I was gonna build a lumber rack until I found that lowe's has them on sale now for $20 each.
Portamate Wood Rack

You can even build a cart frame and attach the portamate to it. I like it because the steel construction allows you to store a little more in the same space and at $20 a pop, the price diff between it and DIY is pretty small.


----------



## MadMark (Jun 3, 2014)

My 'scrap storage' is the concrete floor to the left of the saw!

Spending good $ on scrap storage is a little redundant. The scraps only have value if they're free. The more cost to store them the less the savings from having them. Eventually the law of diminishing returns kicks in and it reverts to being OCD.

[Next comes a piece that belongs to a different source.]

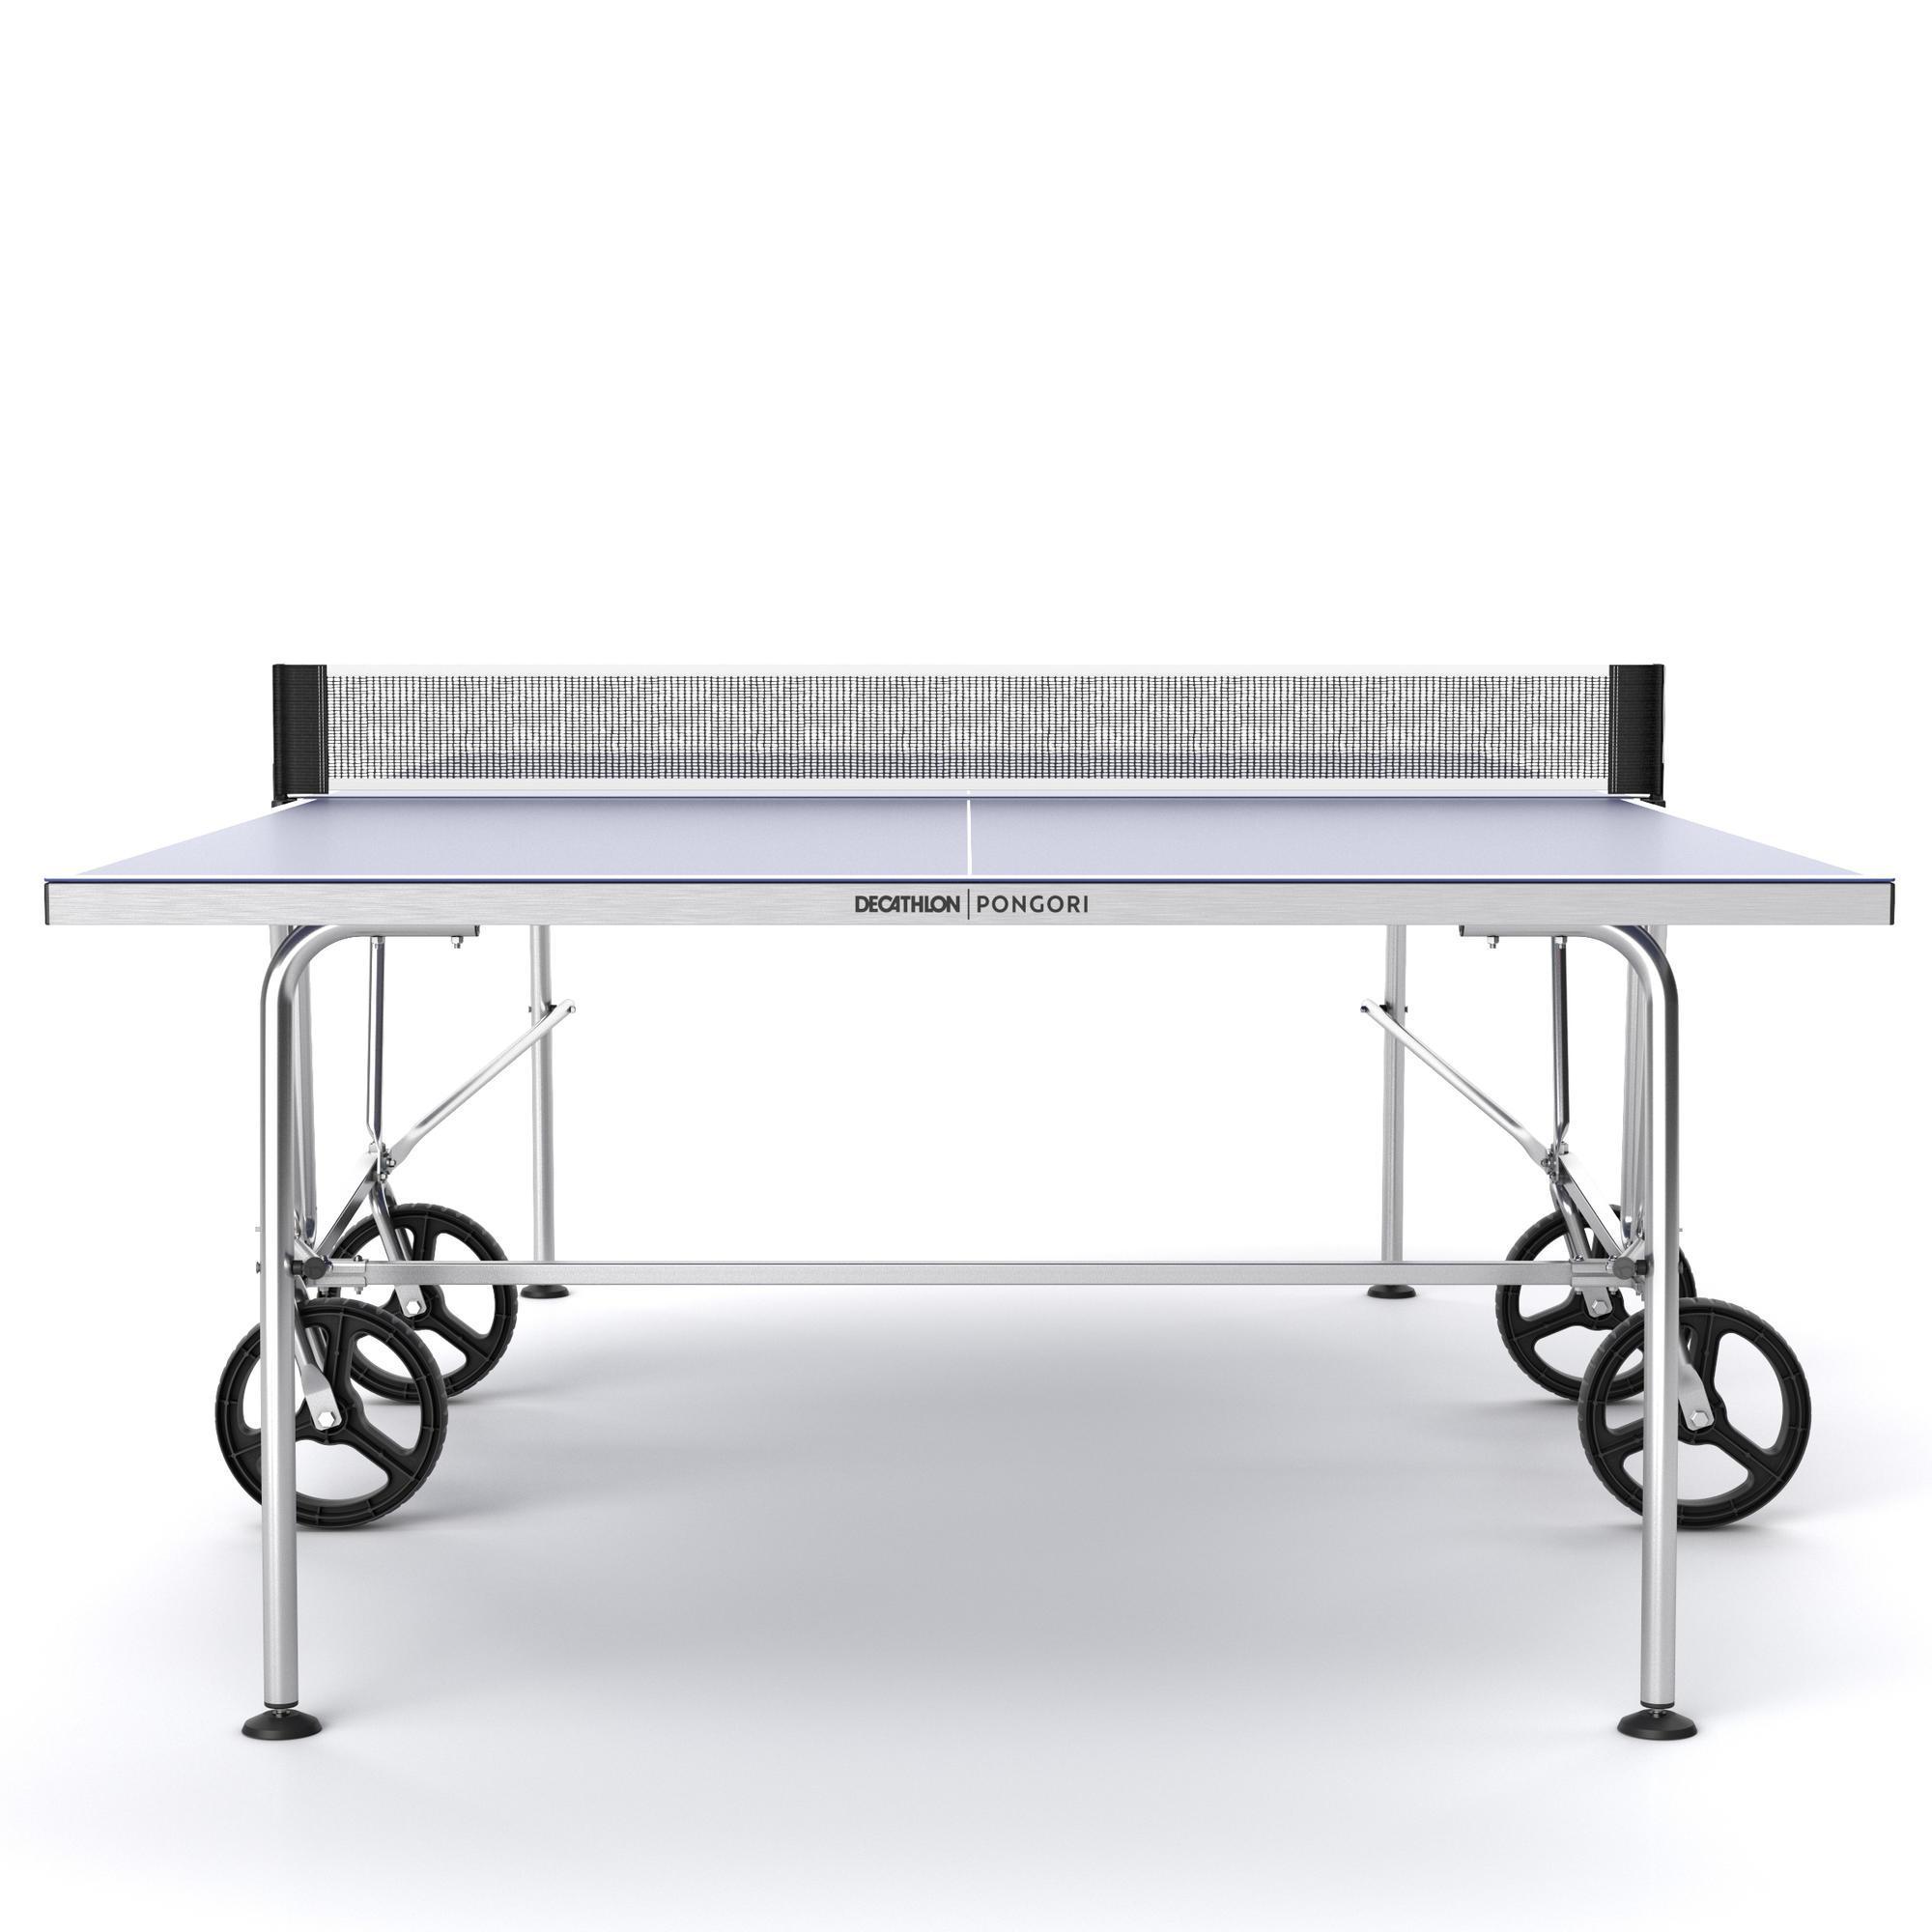 decathlon outdoor table tennis table

I milled some moulding for an in process job I keep in a 4" cardboard tube. I use the shelf in the OSS stand for shorts from 12" to 18"

I don't inventory much lumber so storage isn't an issue. I use down to tiny pieces & those get fed to the model maker for miniature lumber.

Its hard to store much in an 8×10 shop:









(Note lumber storage leaning on planer. ..)


----------



## Joel_B (Aug 14, 2014)

> I was gonna build a lumber rack until I found that lowe s has them on sale now for $20 each.
> Portamate Wood Rack
> 
> You can even build a cart frame and attach the portamate to it. I like it because the steel construction allows you to store a little more in the same space and at $20 a pop, the price diff between it and DIY is pretty small.
> ...


Thats perfect, on my to pick one up.


----------



## Kazooman (Jan 20, 2013)

The problem with these racks is they bear no relation to the typical "scrap" lumber one accumulates in the shop. I have pieces ranging from 1 X 10 X 8' to chunks of more exotic wood that are 2×2x8". It come in all widths, thicknesses and lengths. My guess is that most of what people save at the end of a project is nothing like the nice dimensional lumber shown on the rolling rack.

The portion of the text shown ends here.